For the past year or so, a day hasn’t gone by without reading an article or post about Artificial Intelligence/Machine Learning. Just over last weekend, I read about a ML driven program that mastered Rubik’s cube in 44 hours (MIT Technology Review), how Google’s Algorithm can sometimes predict death in hospitals better than doctors (Business Insider), A Goldman Sachs algorithm predicted football world cup winner (Algorithmxlab and its Brazil ), and at least half a dozen more.
But two posts from Gizmodo and Scien-tech news caught my attention. I have written in the past about Deep Fakes where you can create fake realistic videos of people.

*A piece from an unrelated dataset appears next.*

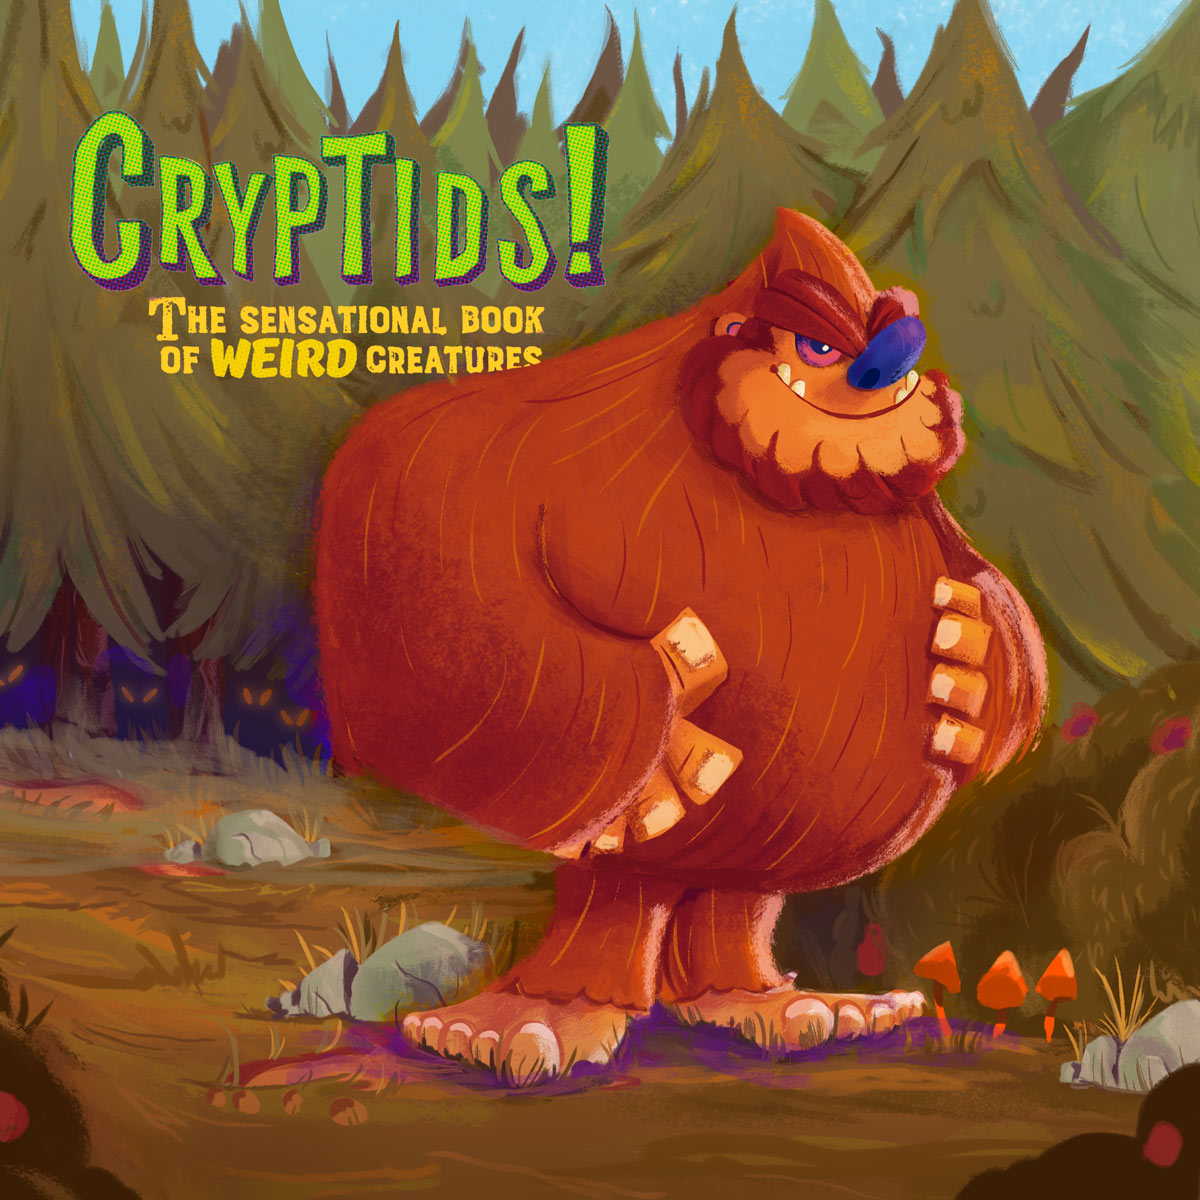 Cryptids! The Sensational Book of Weird Creatures

Like many other technologies, so far these have been used as either a research experiment (like this Obama video from University of Washington) or to create porn! While fake porn is obviously very damaging , I think potential damage that can be caused by these technologies is scary tremendous (think fake videos of political or religious leaders). So it was with some relief I read this post from Gizmodo about researchers from SUNY who have written a paper about their algorithm that can detect fake videos. I thought this could be like an ‘expert witness’ in court when figuring out if a video is fake or real. Of course, sometimes it may be too late, but I thought that this algorithm could be deployed by social media giants to highlight (and then kick off) fake videos in real time.

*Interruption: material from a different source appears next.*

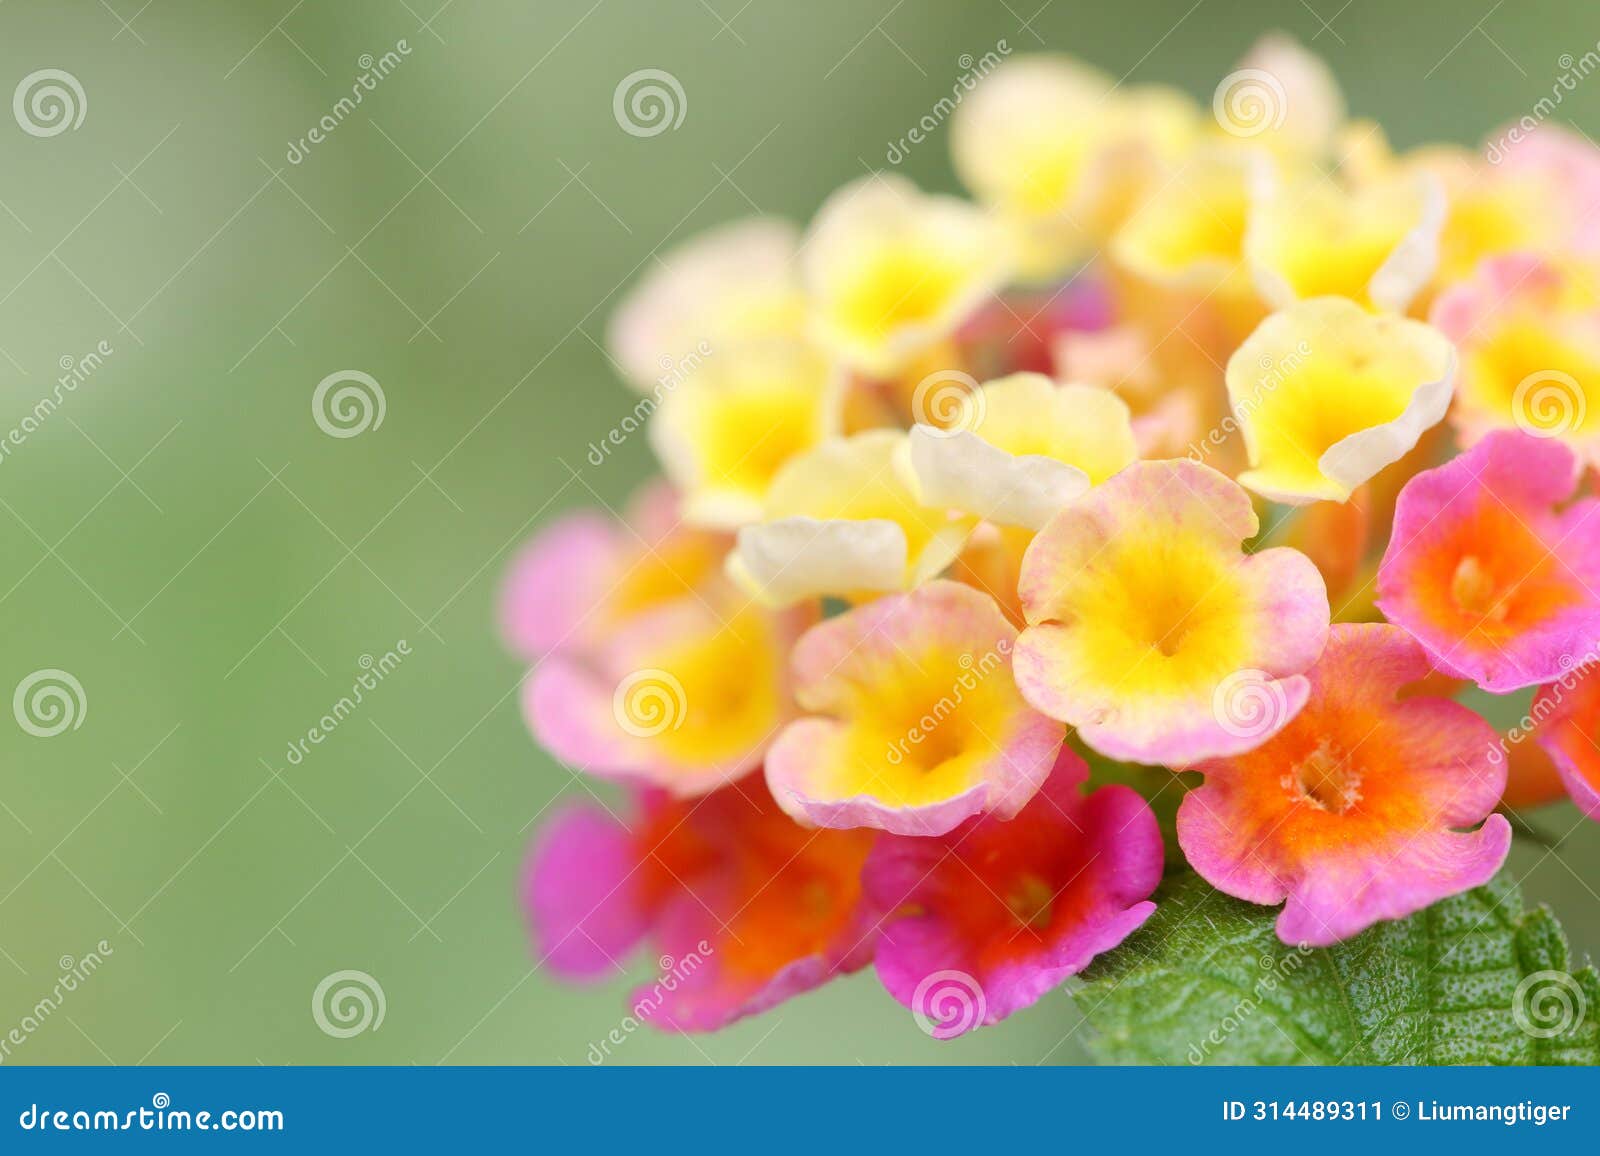 close-up look of the colorful lantana camara flower

Apparently, one flaw in fake videos is that person in video doesn’t blink!! Sometimes, it is obvious to humans but sometimes, it isn’t. That’s because, the rate of blinking when someone reads is only 4.5 blinks per minute (as opposed to like 26 blinks when talking). Since most political leaders read their speeches of a teleprompter – blinking speed while reading is applicable and NOT blinking speed when speaking. As per this SUNY paper, traditional algorithms depend on something called as eye aspect ratio (EAR) or a convolutional neural network-based (CNN) while their algorithm is an improvement and is called recursive neural network (RNN). I have absolutely no idea what that means – just read the paper if you really want to know. Here is the link again. But I did understand that the reason videos don’t have blinking is that data sets used to train these algorithms usually is made of photos (not videos) of the person. And usually photos available, especially of politicians, are with their eyes open!

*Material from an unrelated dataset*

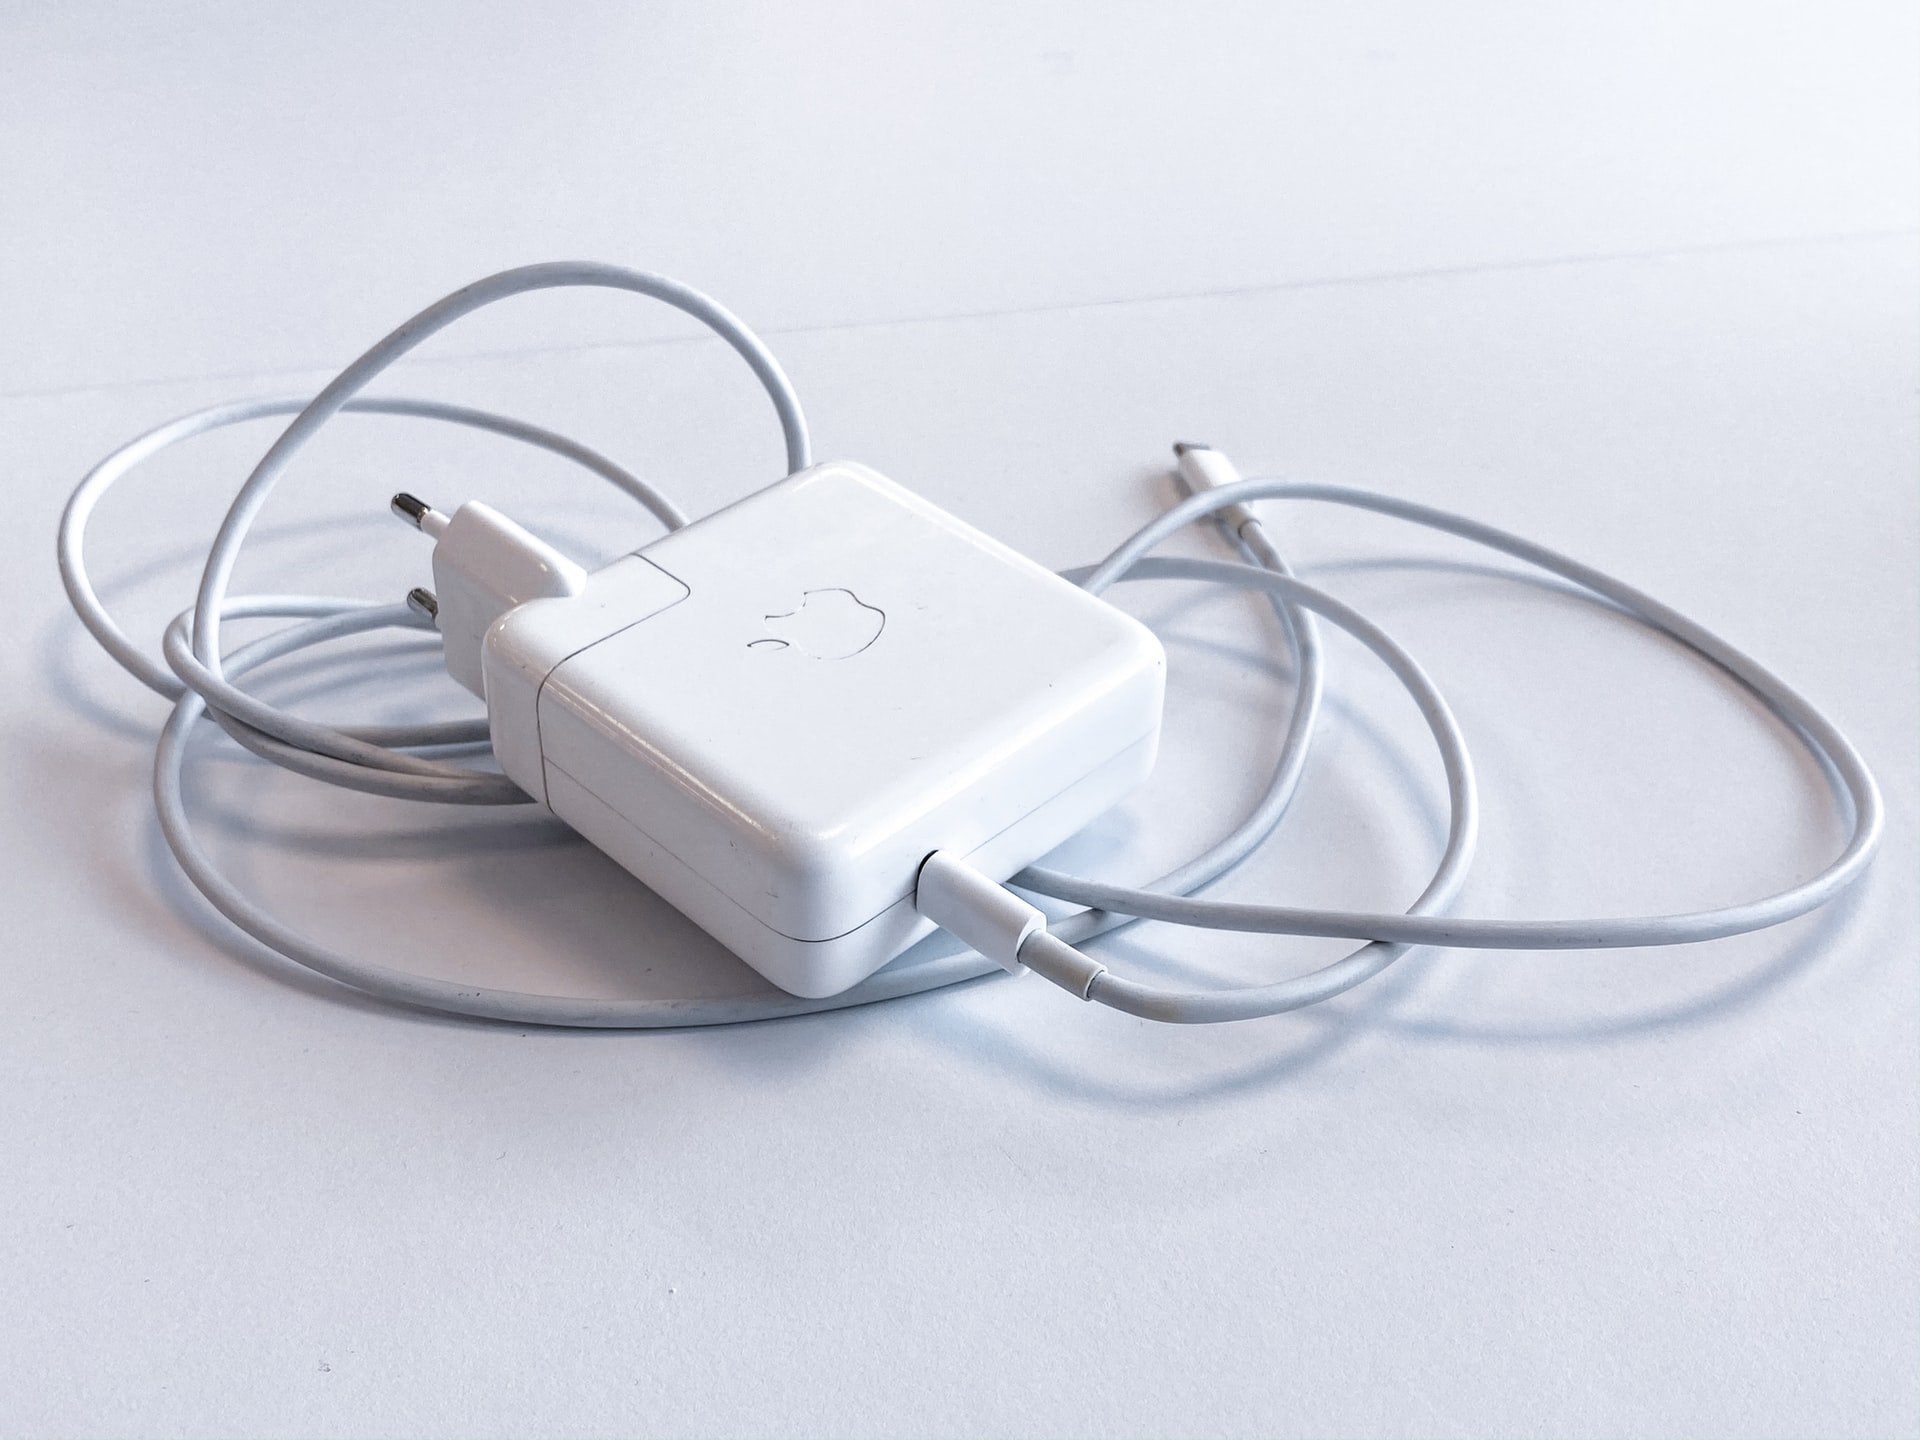 Apple macbook pro charger overheating amd 6300 six core

Unfortunately, just when I was feeling relieved, I read this Scien-Tech News article which reported that a Facebook machine learning system called Generative Adversarial Network (GAN) (what’s with the all the 3 letter acronyms) has figured a way out to ‘open’ eyes in photos where eyes of subject are closed. Yes, this is opening eyes that are closed – but if this direction works – I am sure it’s possible to open eyes that are ‘closed’! So, there you go – just when there is an algorithm that can detect fake videos, there is another one that can possibly evade this algorithm.
I guess like white hat- black hat hackers, there will continue to be algorithms that can detect fake videos – and then algorithms that can beat those algorithms. I do hope detection ones work better. Or soon enough we may be in a world where even videos, which are so far the ‘truth’, also cannot be trusted!